- _Activity_:
Find the line below with "Gemeente Breda 076 fietst give away" and the line with "La union on a budget:旅游指南和行程安排 | 穷游者行程安排博客". Output them and the lines between, exactly, but not the pictures.

- _Source data_:
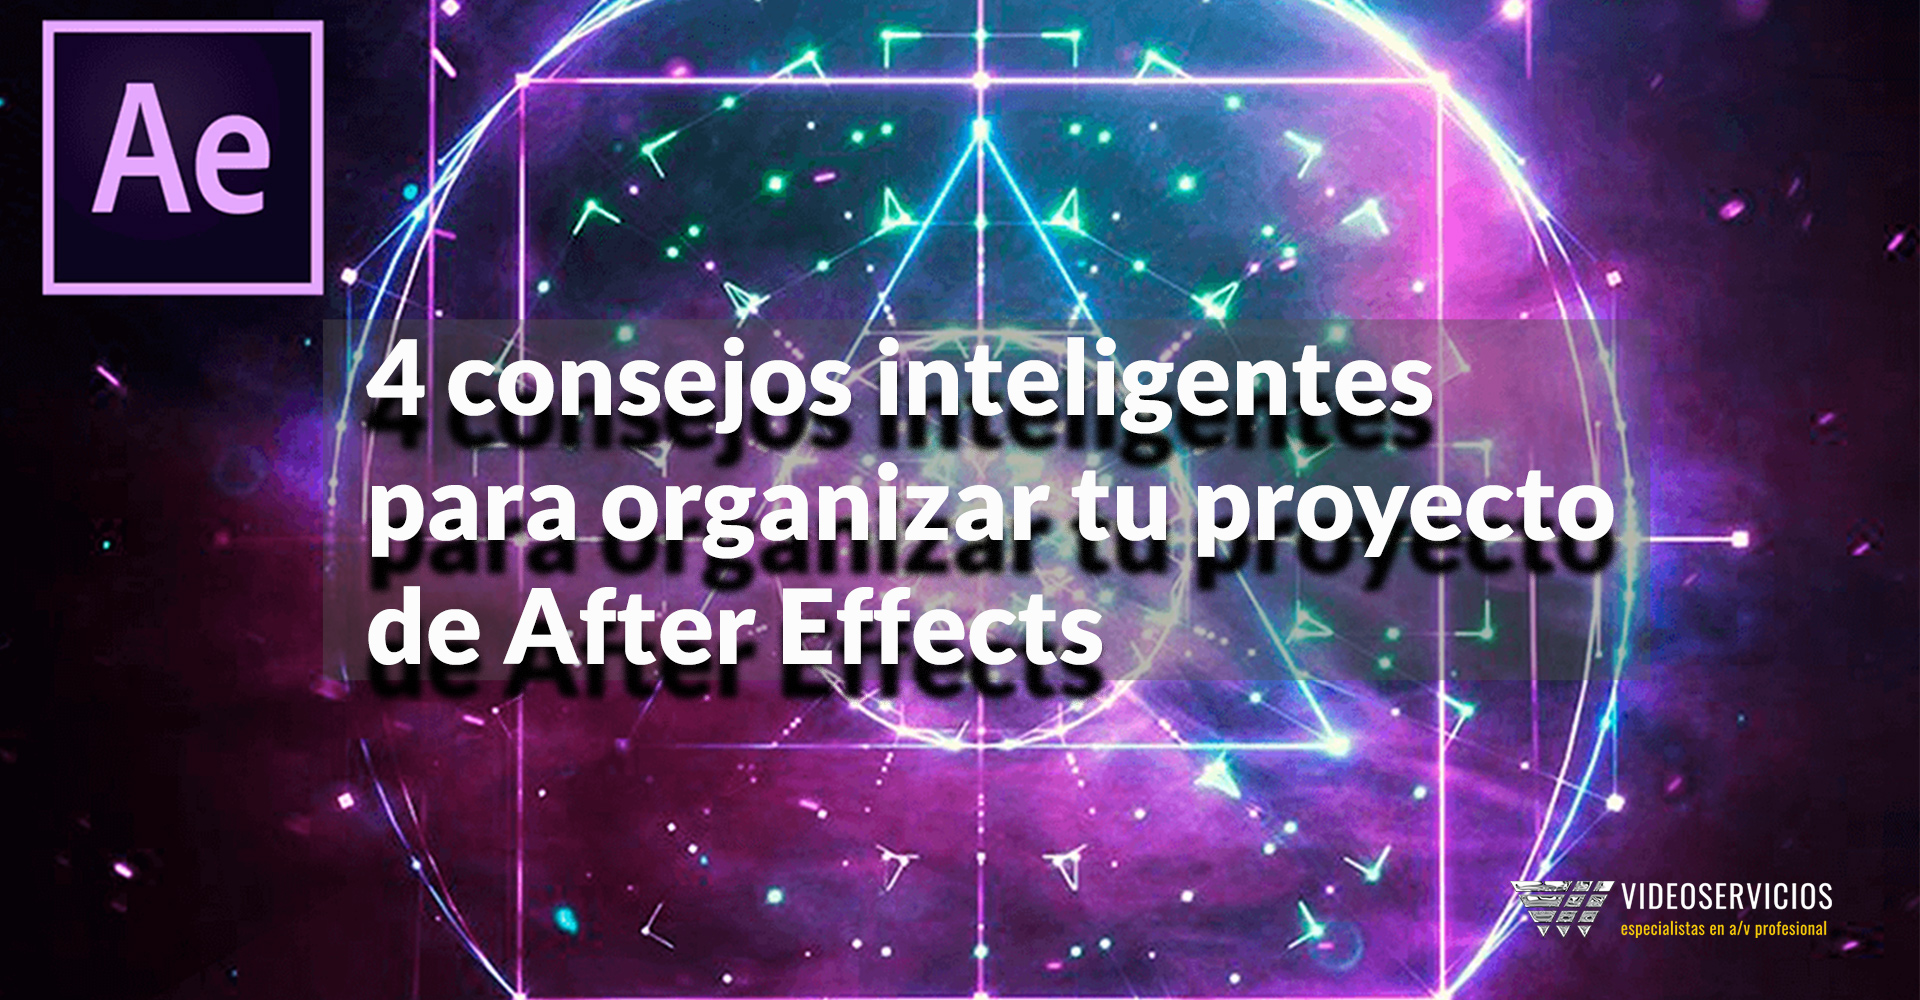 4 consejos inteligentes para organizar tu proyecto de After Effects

---

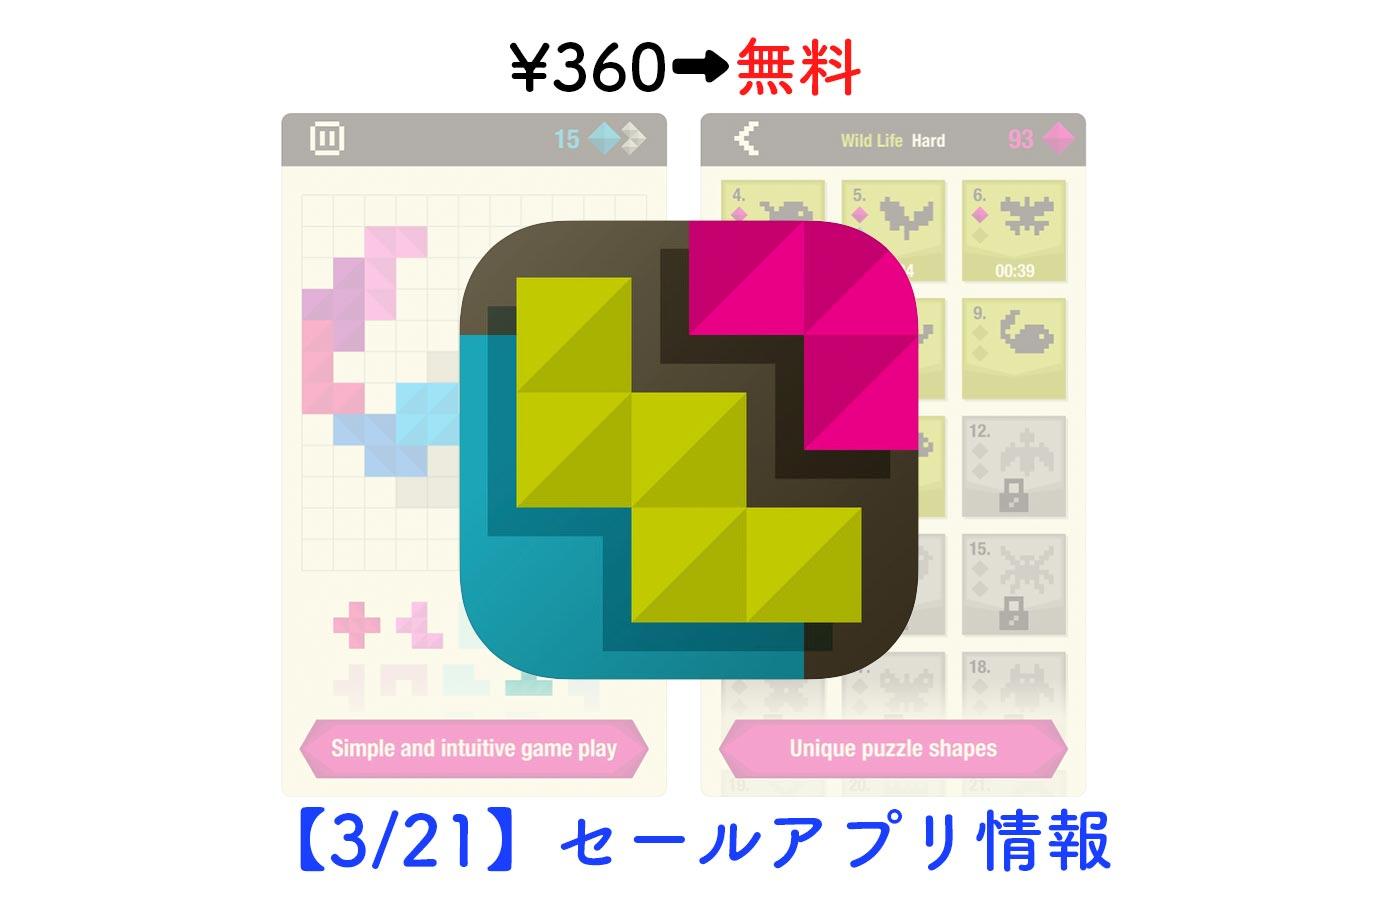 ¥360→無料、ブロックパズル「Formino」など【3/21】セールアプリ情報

---

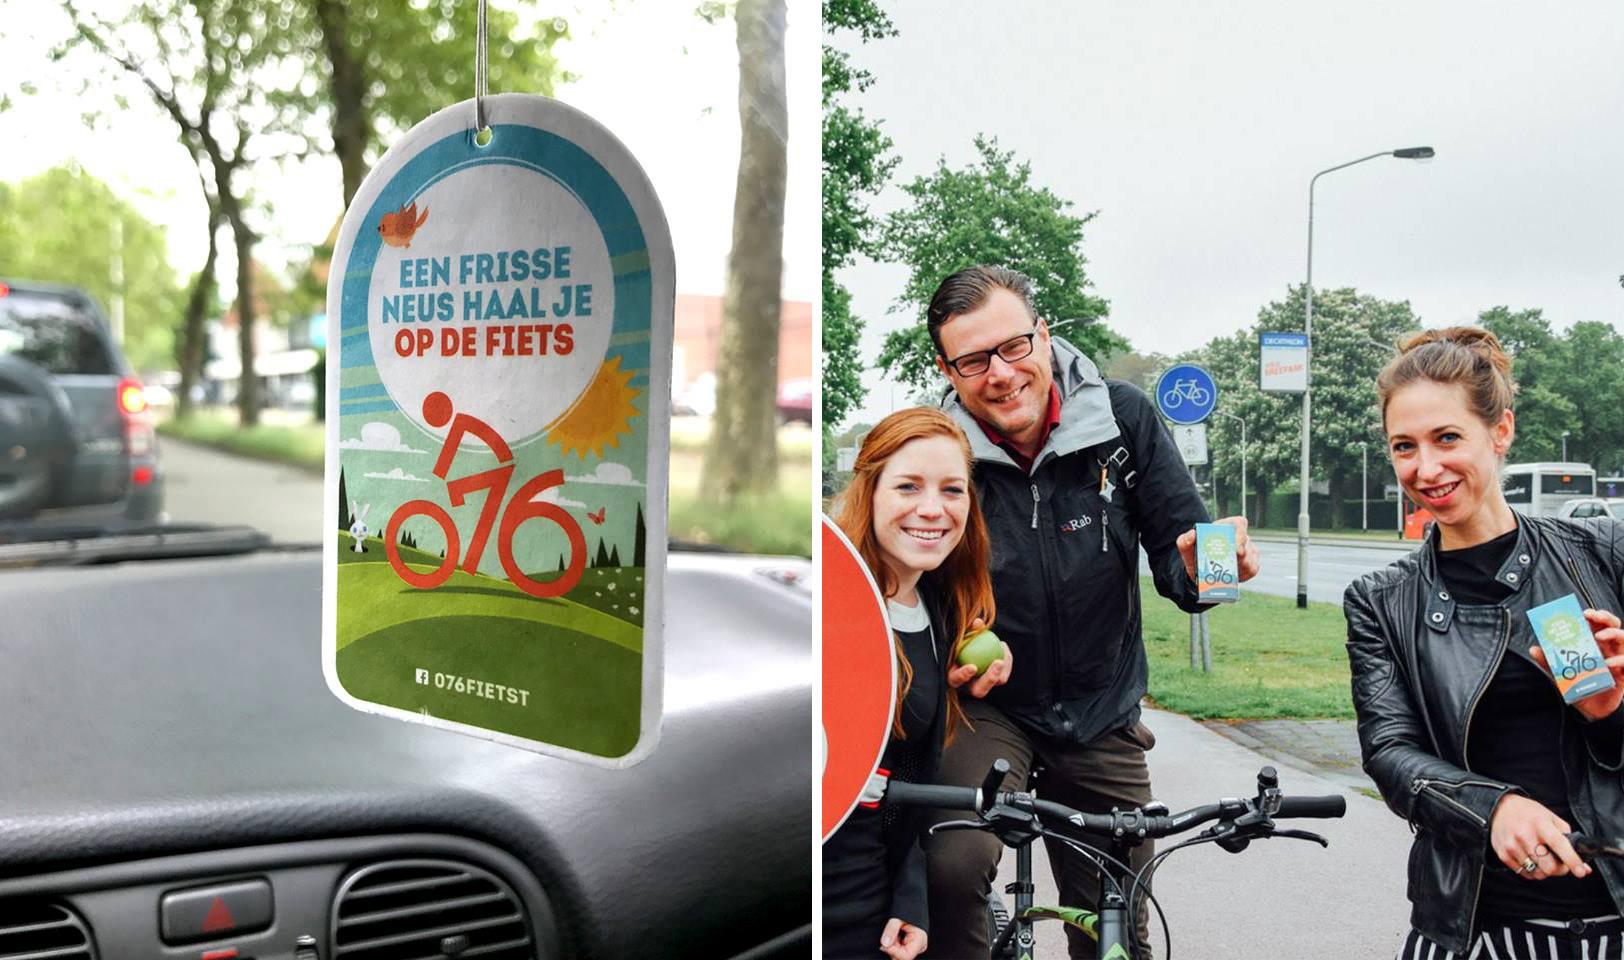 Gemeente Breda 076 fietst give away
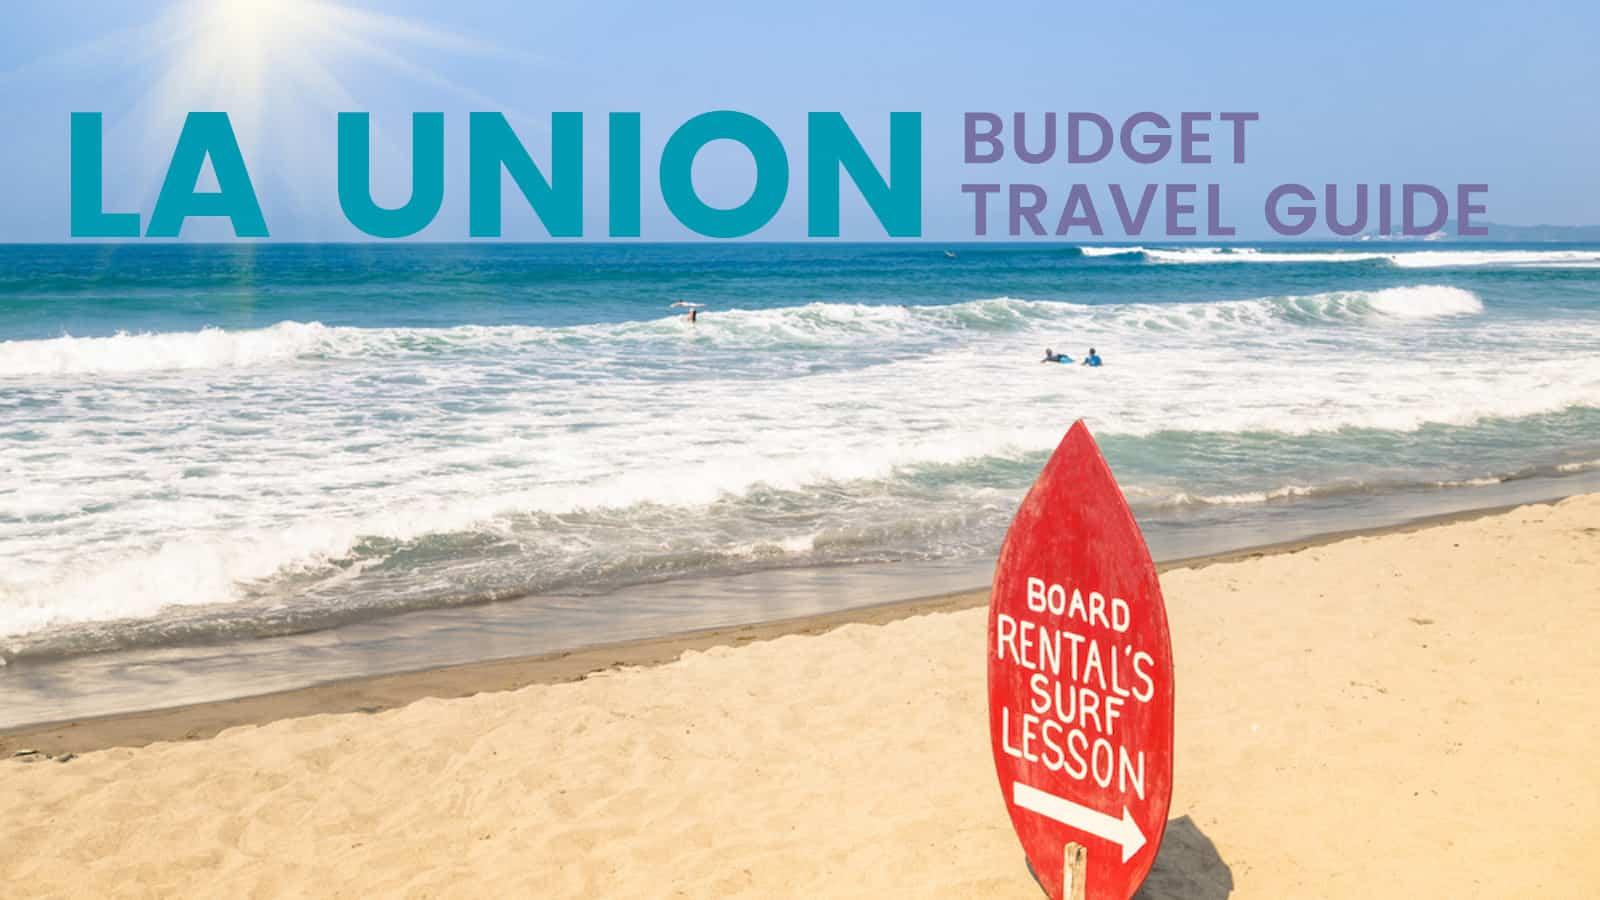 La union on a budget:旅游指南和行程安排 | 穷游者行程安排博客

- _Output of the exercise_:
 Gemeente Breda 076 fietst give away
 La union on a budget:旅游指南和行程安排 | 穷游者行程安排博客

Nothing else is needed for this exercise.